In 2007 the City of Albuquerque approved changes to the
Albuquerque Energy Conservation Code that would have mandated minimum
energy conservation standards for HVAC and water heating equipment that
exceeded federal minimum standards. Federal law prohibits state or local
jurisdiction from setting more stringent minimum energy conservation
standards without a waiver of preemption from the Department of Energy.
The City did not obtain a waiver and changes it proposed to the Energy
Conservation Code did not relieve it of the need for a waiver.
As a result, AHRI challenged the Energy Conservation Code in
Federal District Court for the District of New Mexico.
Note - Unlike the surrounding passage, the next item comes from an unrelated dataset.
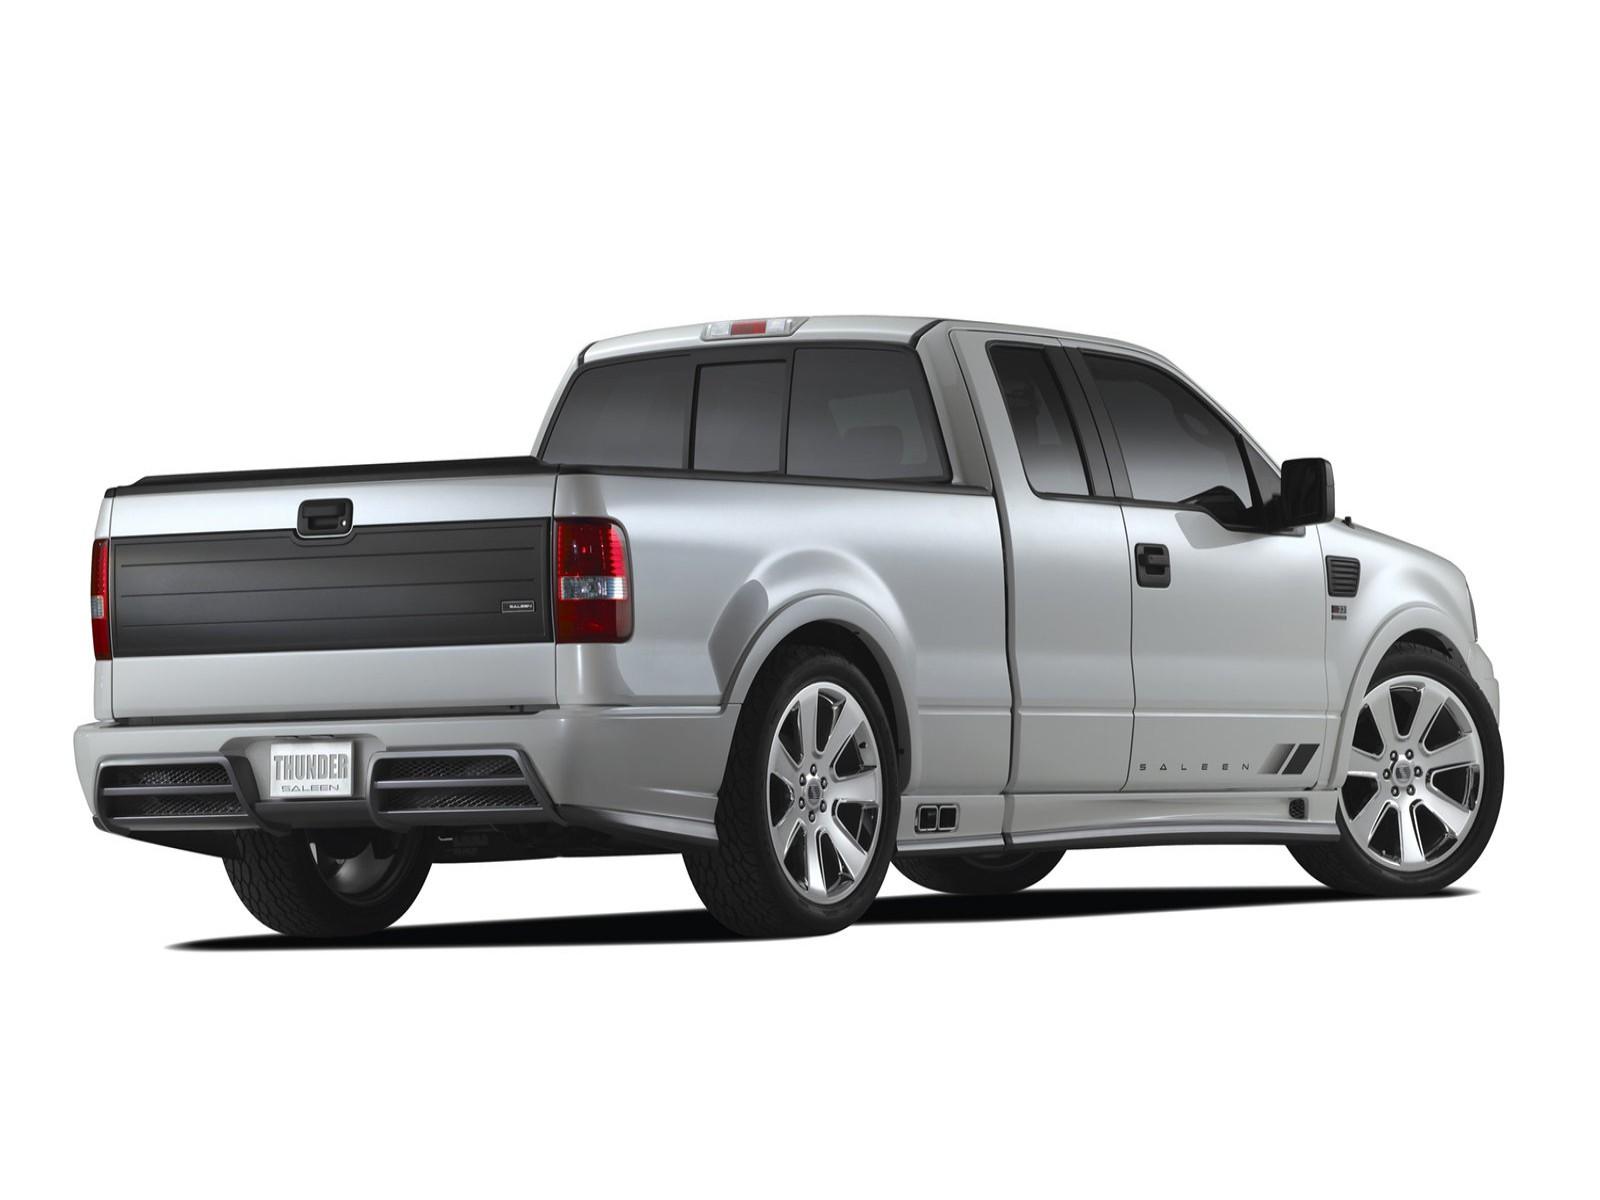 car pictures saleen ford f 150 s331 sport truck 2006. Black Bedroom Furniture Sets. Home Design Ideas

Local
distributors and HVAC contractors impacted by the proposed Energy
Conservation Code were named plaintiffs and testified in the case.
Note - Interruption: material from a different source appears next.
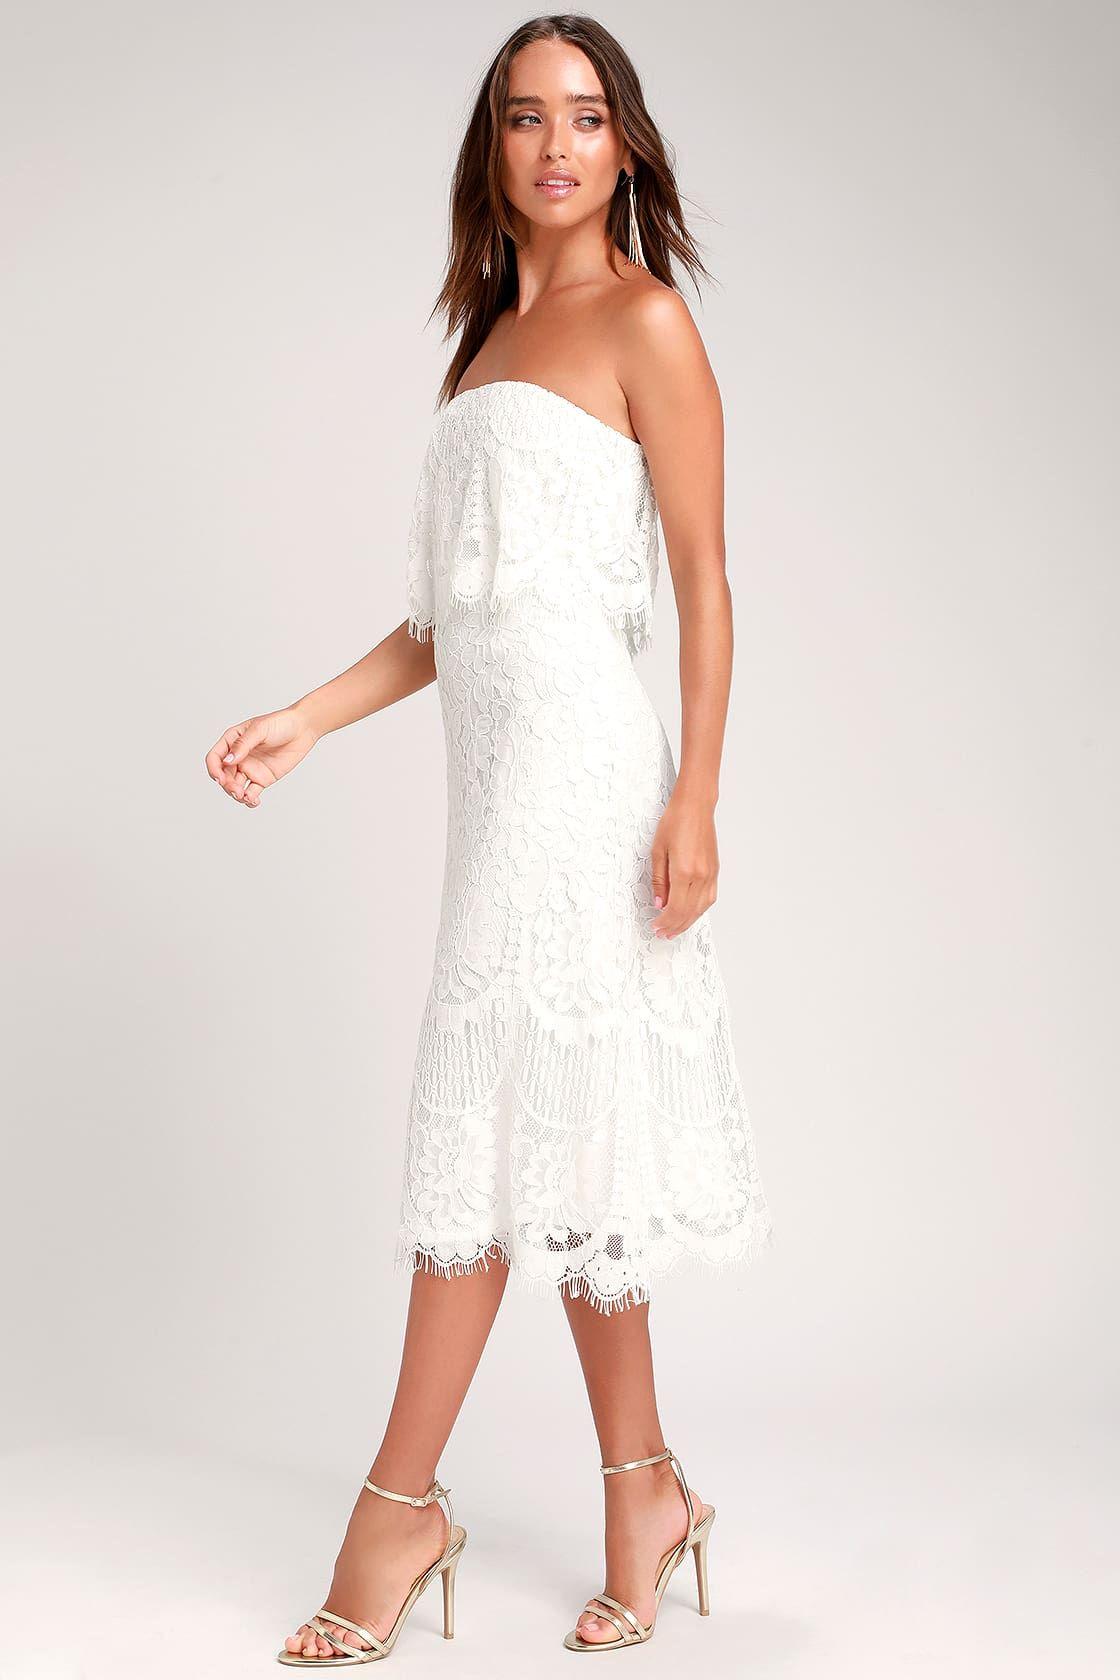 Delia White Lace Strapless Midi Dress Little White Dresses Long White Dress Strapless Midi Dress [ 1680 x 1120 Pixel ]

“I want to recognize the contribution of ACCA members Affordable
Services, Inc., and Thompson Heating and Air Conditioning, who stood up
for the industry and agreed to be a named plaintiff in a case against
the city they work in every day,” said Paul Stalknecht, ACCA President
According to AHRI, in her latest opinion, Judge Vazquez confirmed
her September 10, 2010, rulings (1) that the prescriptive energy
efficiency standards in the 2007 Albuquerque code that are more
stringent than federal minimum efficiency standards are preempted and
cannot be saved from federal preemption by the availability of
alternative code compliance paths; and (2) that a particular
performance-based code compliance option is preempted, because it is
based on a standard reference design that uses efficiency levels that
exceed federal efficiency standards. Responding to a summary judgment
motion filed by the City that essentially asked Judge Vazquez to
reconsider her earlier rulings, she declined to do so and denied the
“Federal law is clear and was upheld in the case,” said
Stalknecht. “States and localities cannot set their own standards that
are higher than the federal standards without a waiver from preemption.
The resulting patchwork quilt of minimum efficiency standards would be
confusing to consumers and impossible to enforce.”